Torres had the good fortune to fall in with Sam Rami’s troupe Renaissance Pictures making low-budget TV shows in New Zealand, first playing Cleopatra (of course she’d be the most beautiful woman of legend) on Xena: Warrior Princess, then playing a different role on nine episodes of Hercules.  She then got the lead in Renaissance’s next series, Cleopatra 2525 (she didn’t play Cleopatra this time). 

Cleo 2525 only lasted 28 episodes, but with a solid background in fantasy/SF she moved on to a season on Angel as the evil Jasmine, followed by her most iconic role, Zoe Washburn on Firefly.  In the commentary for the movie Serenity Joss Whedon says that the biggest problem in trying to set up the movie for people who weren’t familiar with the TV series Firefly was explaining that the gorgeous Amazonian woman was married to the scruffy-looking ship’s pilot.

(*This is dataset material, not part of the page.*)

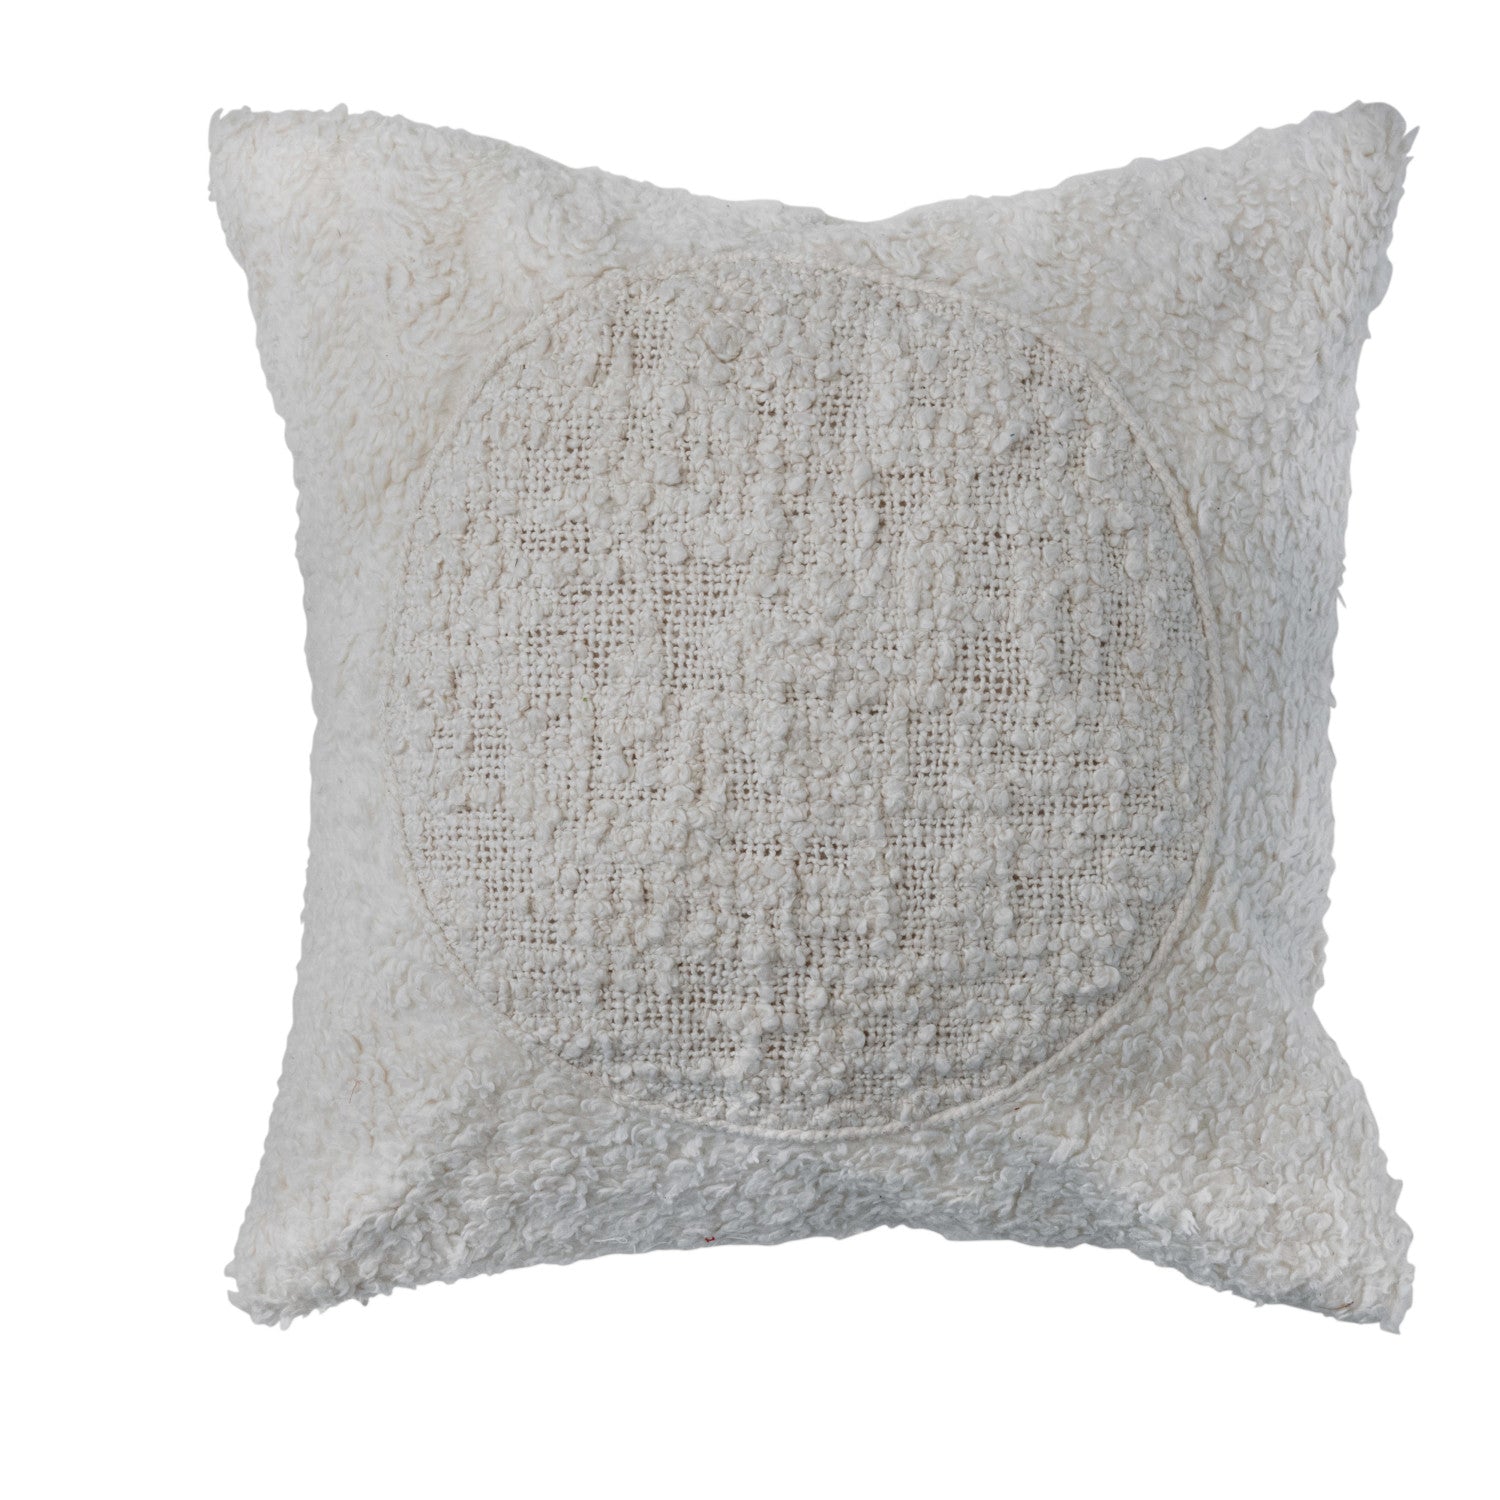 Sherpa Pillow w/ Embroidered Circle, Down Fill

She had lots of jobs—a seven episode run on 24, a bit in the last two Matrix movies, a memorable role as Sydney Bristow’s nemesis on Alias (her fight scene with Jennifer Gardner is one of the great woman-on-woman fight scenes in screen history).  She finally settled in for a long run as Jessica Pearson, the high-powered managing partner of the law firm in Suits.  She had great chemistry with co-star Gabriel Macht, yet they never went for the will-they-or-won’t-they tease that would have been so easy (or was it because Macht had even better chemistry with his legal secretary played by Sarah Rafferty?).  She quit the show because she tired of filming in Toronto, but supposedly her desire to live in Los Angeles has been accommodated for her new, as yet untitled series.

No major awards, no Emmies or Oscars, but steady work for twenty-five years.  Plus she’s been married to Laurence Fishburn since 2002.  It’s an impressive resume for any actor, but especially one given her ethnicity, gender, and now her age.  And apparently, it is going to continue for a while longer.


Maybe her husband can get her a guest role on Black-ish.  She hasn’t done much comedy, but I think she’d be good at it.